I do have a couple of comments but first I also want to tell you that I am an older man who has founded six high technology companies in Silicon Valley, so I understand looking at making money as a business. I also have been trading on and off for longer than I can remember but somewhere from the early 1980s.

I have never achieved any great or consistent success mostly because I have never had time to devote to trading as a real business as being an entrepreneur takes up most of a 24 hour day. Having said that however, I am now getting to a place where I intend to transition to full time trading and am getting very serious.

I was intrigued with your 12 elements of success especially about the question of identifying who one is and what kind of trading ultimately resonates with one. While I have not asked myself that question regarding trading, I have recognized the answer over my lifetime because I do react to my life in a very specific way.

When I listened to your 12 elements, I was struck that one way to equate or identify one’s style is to look at what sports one is drawn to and why. The answer for me is basketball! Why? Because it takes very sophisticated and unique personal skills, it is a fast game, the rewards or failures happen each time you move from one end of the court to the other, you have to be in superb mental and physical shape, you have to have a very high level of confidence in your own skills, you have to be quick, nimble, perceptive, cunning and etc. Contrast that to the very snail game of golf, baseball, even football etc. Not that those games don’t require some of the same attributes but nonetheless, they are SLOW and I don’t have the patience for them. I am totally bored with golf.
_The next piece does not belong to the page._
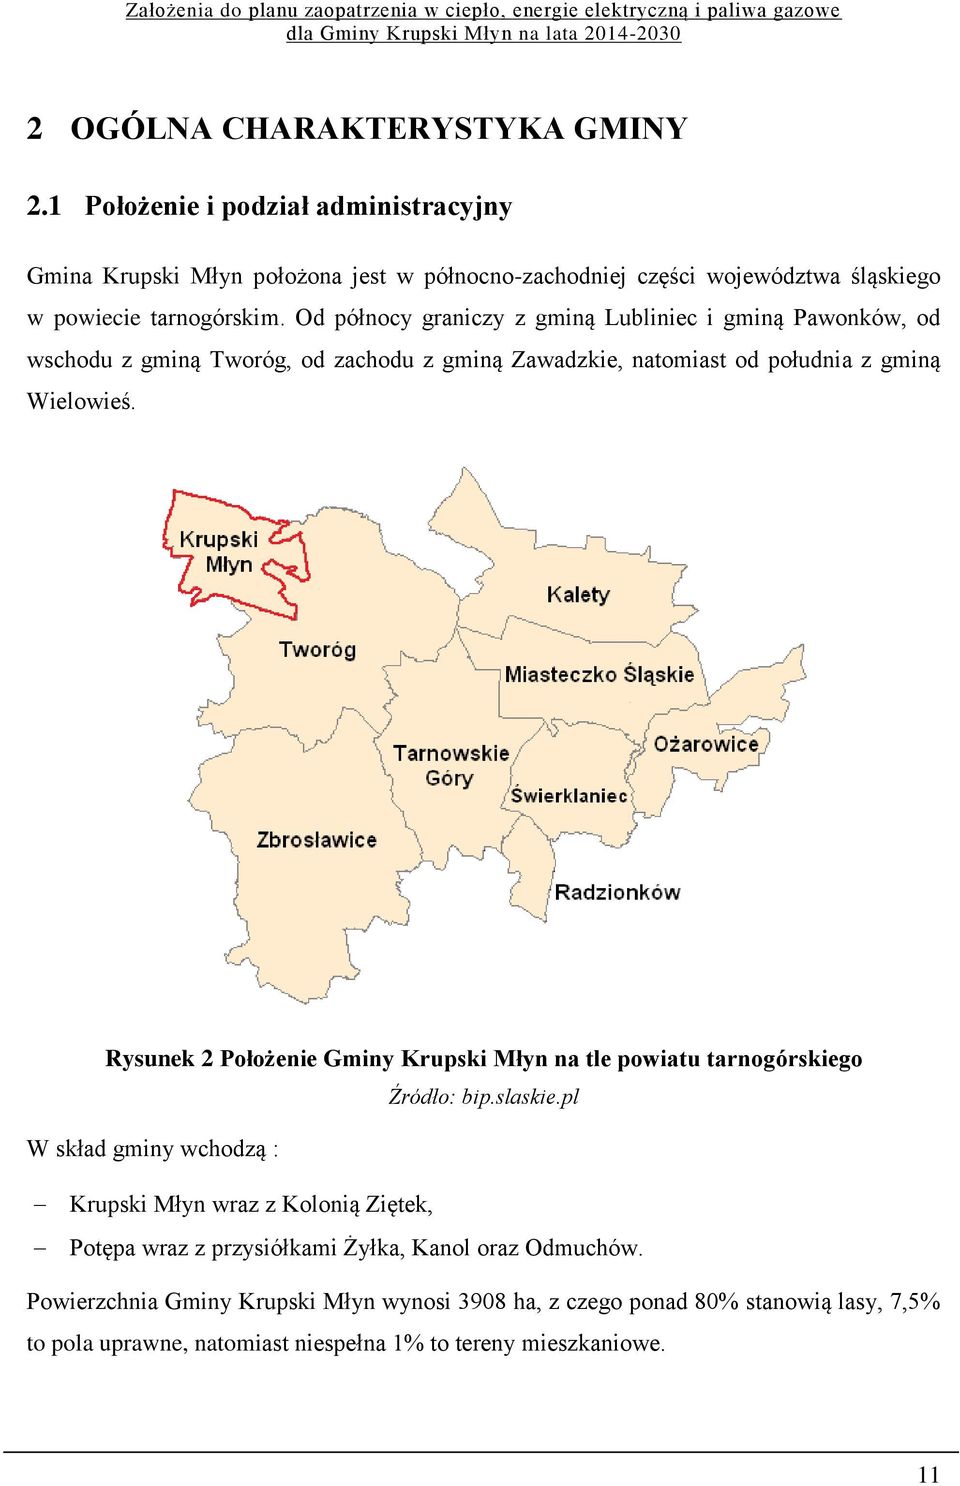 Od północy graniczy z gminą Lubliniec i gminą Pawonków, od wschodu z gminą Tworóg, od zachodu z gminą Zawadzkie, natomiast od południa z gminą Wielowieś.

I would rather search for lost golf balls than play the game!

Translating to the markets, you can see that a fast game has to be day trading, scalping, moving in and out in fast markets rather than trend trading, or investing, or option strategies such as iron condors, calendar spreads etc. where it takes a month to know if one wins or loses. etc.

I also like to create so I have written a plethora of indicators for Trade Station in an effort to understand the mathematics of the markets and the rhythm of how they move.

All in all, when I roll the “who I am” into what kind of markets make sense for me to trade, I know where I must go.

I just wanted to share the sports metaphor as I felt it may be a trigger for some of your readers in answering their own questions.

Thanks for a great site. I will continue to enjoy reading and listening to some of the terrific, psychological, Zen, strategic and well considered philosophies that you put forth.

Thanks for reading this far. I think I need to write a book! Just kidding.

Warm Regards,


Hi LY,

Thank you for your great email. You’ve made my day. You’re understanding of the concept is spot on.

One of the fundamental truths of trading is that you will not achieve consistent success if your trading approach is not a right match for your personality. Unfortunately most traders aren’t aware of this; and many will ultimately fail, leaving the game disillusioned after having struggled for so long in a game that just does not suit them.

You see this in so many people who apply themselves to sport, arts, university studies or careers, simply because it’s what their parents want or expect. Having ignored their own passions, they ultimately fail; or if they do achieve some measure of success it’s a hollow victory underscored by a feeling of emptiness and depression.

Common advice in the trading world is to avoid the lower timeframes because it’s too fast. They say that you should learn on daily charts first; their theory being that if you can’t trade the daily charts then you won’t be able to trade the faster intra-day charts.


I’m terrible at daily charts.

It’s too slow for my personality. I over-analyze. I second-guess, constantly. I have no patience, and I get incredibly bored. It’s just not fun.

Low timeframes fit my personality – I like the fact that I’m required to make fast decisions, take action, and then get almost immediate feedback. It’s how I work best.

Timeframe, markets and strategy MUST be matched with who we are.

I’m glad you’ve found signs pointing towards your preferred trading style through the sports analogy. Well done. Quite likely though you’ll also find similar patterns through other areas of your life as well. Perhaps in business. I imagine the personality type required to be involved in six startup high tech companies is very different from the personality required to manage a family business over a 40+ year working life. What characteristics of personality have led to your business success, and which trading approach does that point to?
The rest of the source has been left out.